Misbehaving 2080 ti (Nvlddmkm.sys)


  1. Posts : 4
    Windows 10
       #1

    Misbehaving 2080 ti (Nvlddmkm.sys)


    Greetings, I'll try to provide as much info as I can on the issue I'm facing so please bear with me.

    A couple months ago, my 2080 ti that has been working flawlessly in this machine for 4+ years started locking up my entire system in games to the point where I had to hard reset using the button on the case. (System became unresponsive, monitor was stuck on the last rendered frame.) OCCT 3d adaptive tests resulted in a system hang within 5 minutes, and the power tests froze the system pretty much instantly.
    I've made sure that all temperatures (core, hotspot, memory) are within safe operating range.

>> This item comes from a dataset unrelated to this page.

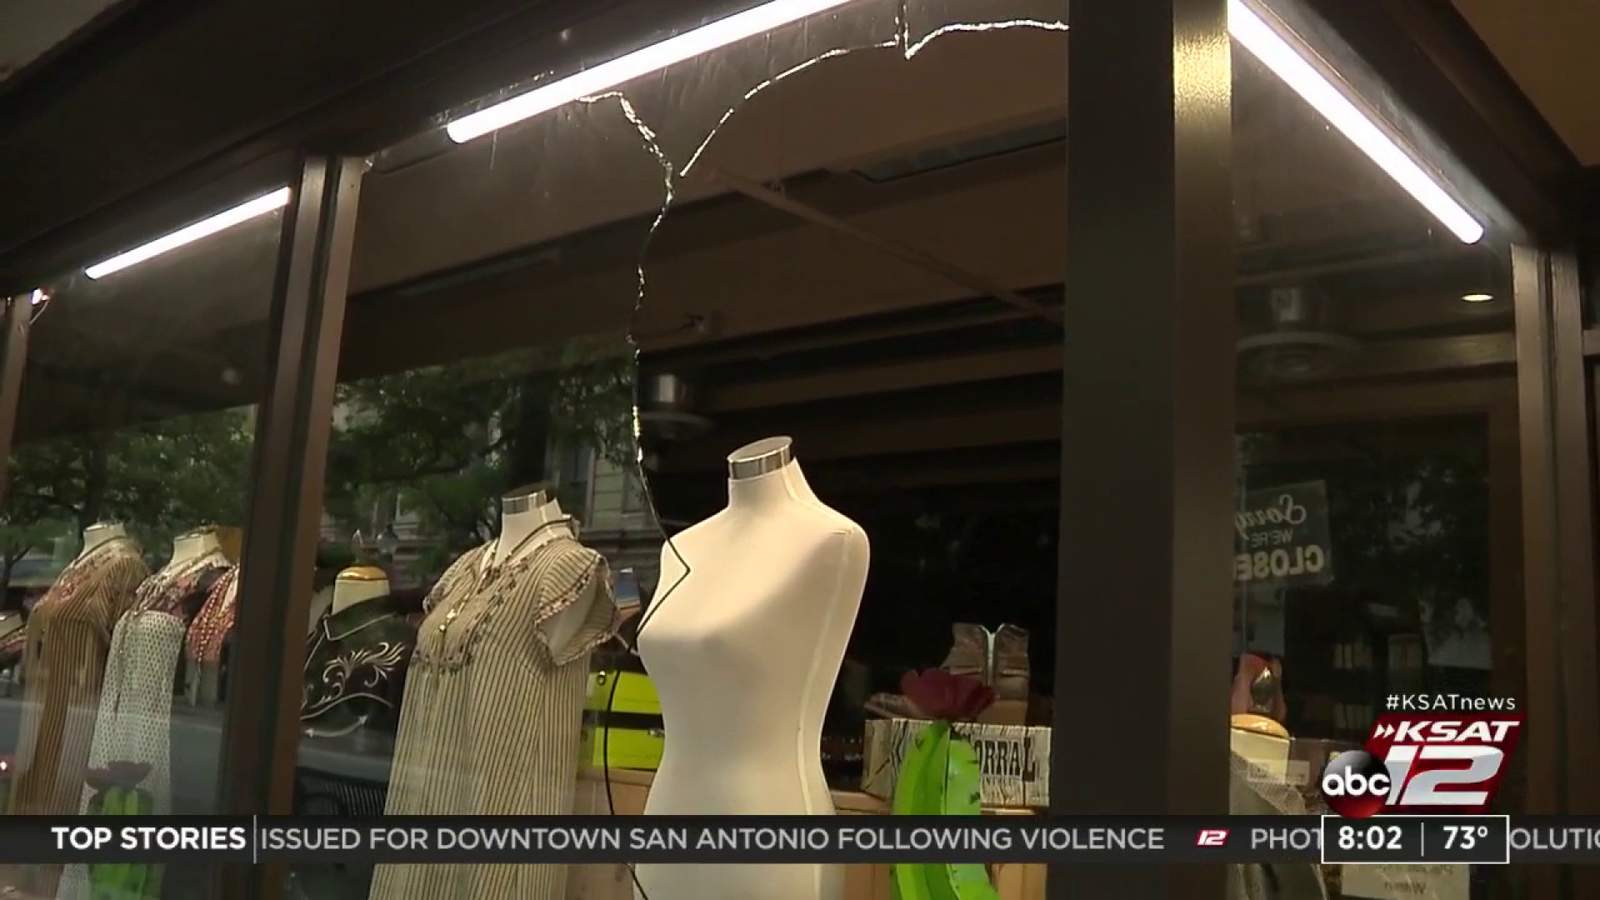 Cleanup begins after downtown San Antonio stores damaged and vandalized
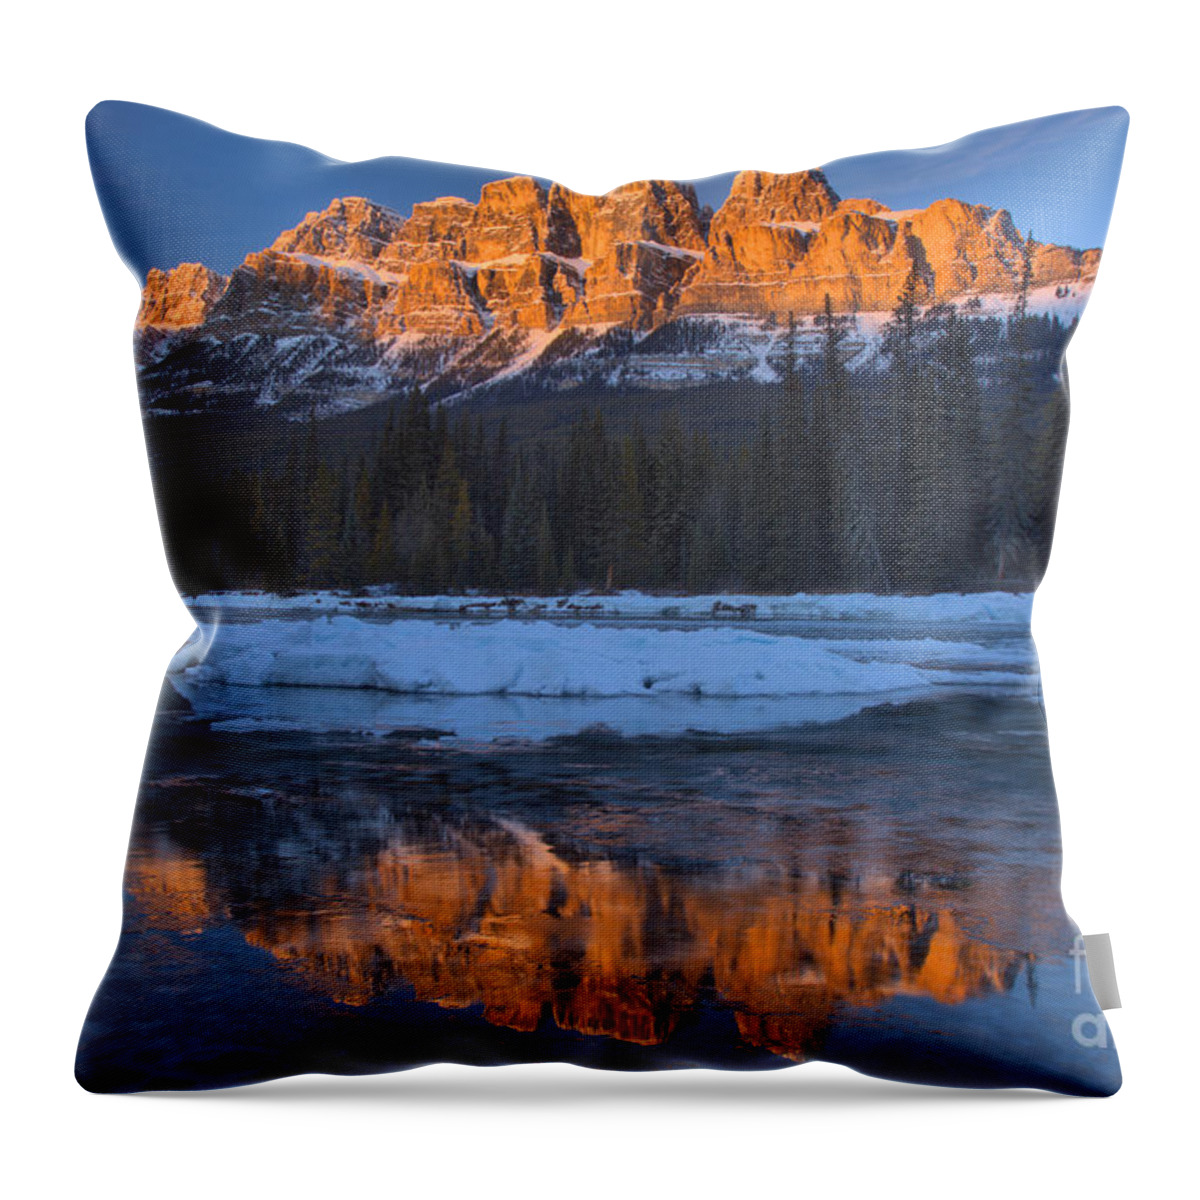 Castle Mountain Throw Pillow featuring the photograph Castle Mountain Red Winter Reflections by Adam Jewell

I've also made sure that the PSU rails are within safe operating range under load. (+-5%). I've tried multiple driver versions (using DDU in safe mode), undervolting & underclocking. At one point, I had thought that a new driver fixed the issue as the gpu started working properly again for about 4 weeks. Then one day, without me making any changes to hardware & software, It started crashing again. This time, the lock ups were far more frequent than during the first episode of issues.

    All LiveKernelReports & Minidumps point to an issue with Nvlddmkm.sys

    I understand that while this clearly indicates an issue with the driver, there could be other factors influencing this such as bad ram sticks, xmp profiles, cpu overclocks, the card itself, psu, etc.

    Out of frustration, I gave up on troubleshooting and put an old gtx 960 in the system. It's been rock solid stable for about 3 months. Not a single lock up, no BSOD's, nothing.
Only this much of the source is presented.